What is Plasma and why is Vitalik Buterin into it all over again?
Technological advancement, thanks to zk-SNARKS, puts Plasma back in the limelight
Alexey Smyshlyaev/Shutterstock modified by Blockworks
Ethereum co-founder Vitalik Buterin wants to bring back Plasma as a blockchain scaling solution that could sidestep existing data availability concerns.
First created in 2017, Plasma networks can be considered “child” chains of the Ethereum mainnet. These execute transactions away from Ethereum using their own block-validation mechanisms, then periodically post final states back to mainnet.
In the blockchain world, data tied to computational tasks — such as processing transactions — must be stored somewhere. When stored on-chain this process is often costly and time-consuming for network participants, particularly validators and other node operators.
Full nodes on Ethereum mainnet — and there are roughly 11,000 of them active worldwide — download all the data of each block so that network participants can verify it.

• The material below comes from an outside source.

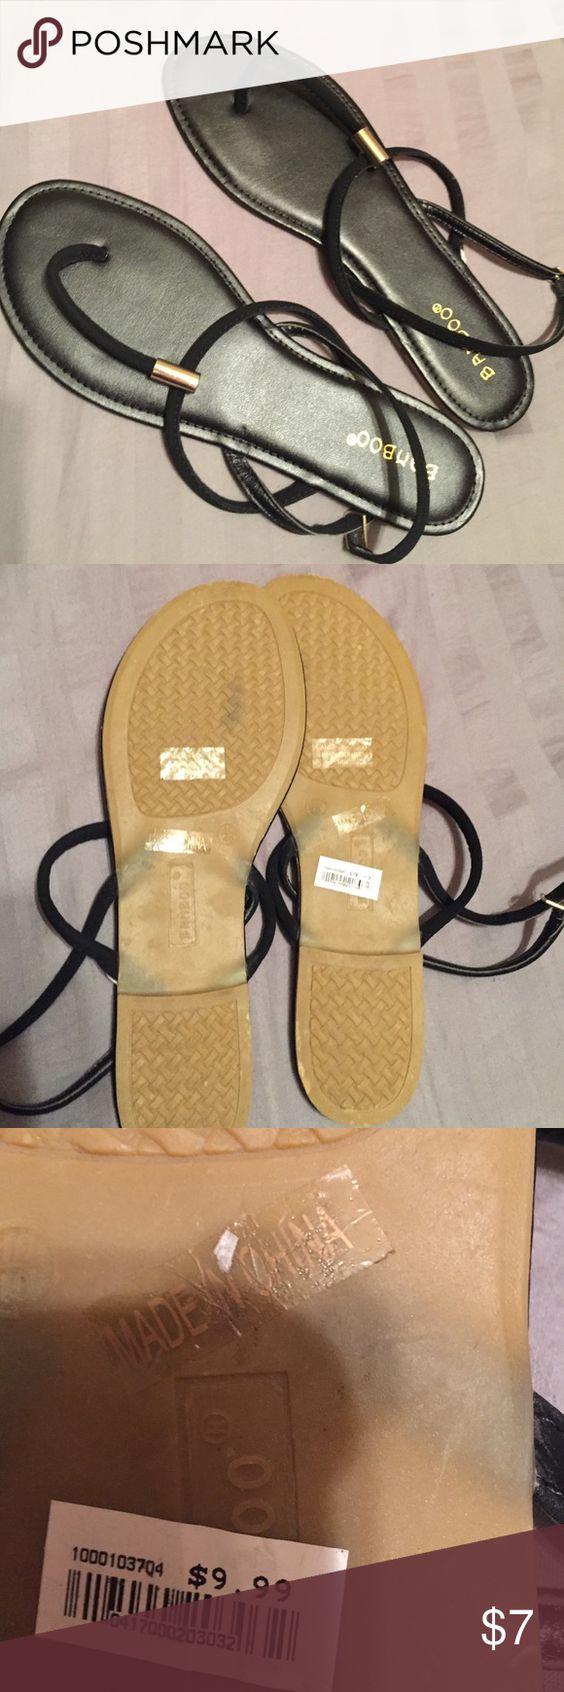 Black sandals at walmart - Black Sandals Walmart Black Sandals Walmart 37

This redundancy make it difficult for invalid transactions to be mistakenly executed.
Although great for security, the consensus process hinders scalability as it is inefficient and reduces throughput.
With Plasma, all data processing and computational tasks are kept off Ethereum mainnet — only final verified states are posted to the chain — and thus less data takes up Ethereum block space.
The problem with Plasma
According to Buterin, Plasma was not considered by the current batch of roll-up solutions for its overwhelming costs around client-side data storage and its application limits. This made it difficult to build Plasma-powered apps which did more than simple payments.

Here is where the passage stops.